### [AIM OF THE TASK]
Report back the lines in this listing that carry the string "Pages".

### [RAW DATA]
------------

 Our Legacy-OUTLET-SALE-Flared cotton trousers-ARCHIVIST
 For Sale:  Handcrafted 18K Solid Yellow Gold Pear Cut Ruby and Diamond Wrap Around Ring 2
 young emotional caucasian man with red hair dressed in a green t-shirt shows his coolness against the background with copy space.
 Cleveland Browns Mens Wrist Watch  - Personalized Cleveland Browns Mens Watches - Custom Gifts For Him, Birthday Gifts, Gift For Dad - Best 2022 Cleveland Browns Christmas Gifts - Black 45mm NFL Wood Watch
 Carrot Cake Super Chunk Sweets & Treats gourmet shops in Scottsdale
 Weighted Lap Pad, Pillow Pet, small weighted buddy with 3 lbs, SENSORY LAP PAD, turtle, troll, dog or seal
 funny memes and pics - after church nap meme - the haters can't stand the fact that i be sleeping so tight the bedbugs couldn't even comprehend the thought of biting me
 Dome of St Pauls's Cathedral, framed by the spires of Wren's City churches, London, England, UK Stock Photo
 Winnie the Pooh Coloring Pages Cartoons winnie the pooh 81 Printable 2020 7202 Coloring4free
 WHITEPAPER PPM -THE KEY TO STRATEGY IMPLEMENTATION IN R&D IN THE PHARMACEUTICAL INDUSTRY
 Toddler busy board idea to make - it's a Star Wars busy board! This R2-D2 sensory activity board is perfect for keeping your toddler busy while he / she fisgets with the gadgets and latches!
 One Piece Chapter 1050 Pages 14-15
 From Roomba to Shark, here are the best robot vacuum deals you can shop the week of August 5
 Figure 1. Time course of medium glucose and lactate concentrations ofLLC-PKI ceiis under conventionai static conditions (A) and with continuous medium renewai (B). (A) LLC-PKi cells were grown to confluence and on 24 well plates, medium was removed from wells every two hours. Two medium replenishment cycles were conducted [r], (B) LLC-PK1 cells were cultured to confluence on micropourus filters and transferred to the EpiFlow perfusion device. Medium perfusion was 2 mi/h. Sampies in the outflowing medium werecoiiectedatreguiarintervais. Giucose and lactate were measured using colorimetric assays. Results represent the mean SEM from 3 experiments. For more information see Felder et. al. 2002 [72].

------------

### [ANSWER BOX]
 Winnie the Pooh Coloring Pages Cartoons winnie the pooh 81 Printable 2020 7202 Coloring4free
 One Piece Chapter 1050 Pages 14-15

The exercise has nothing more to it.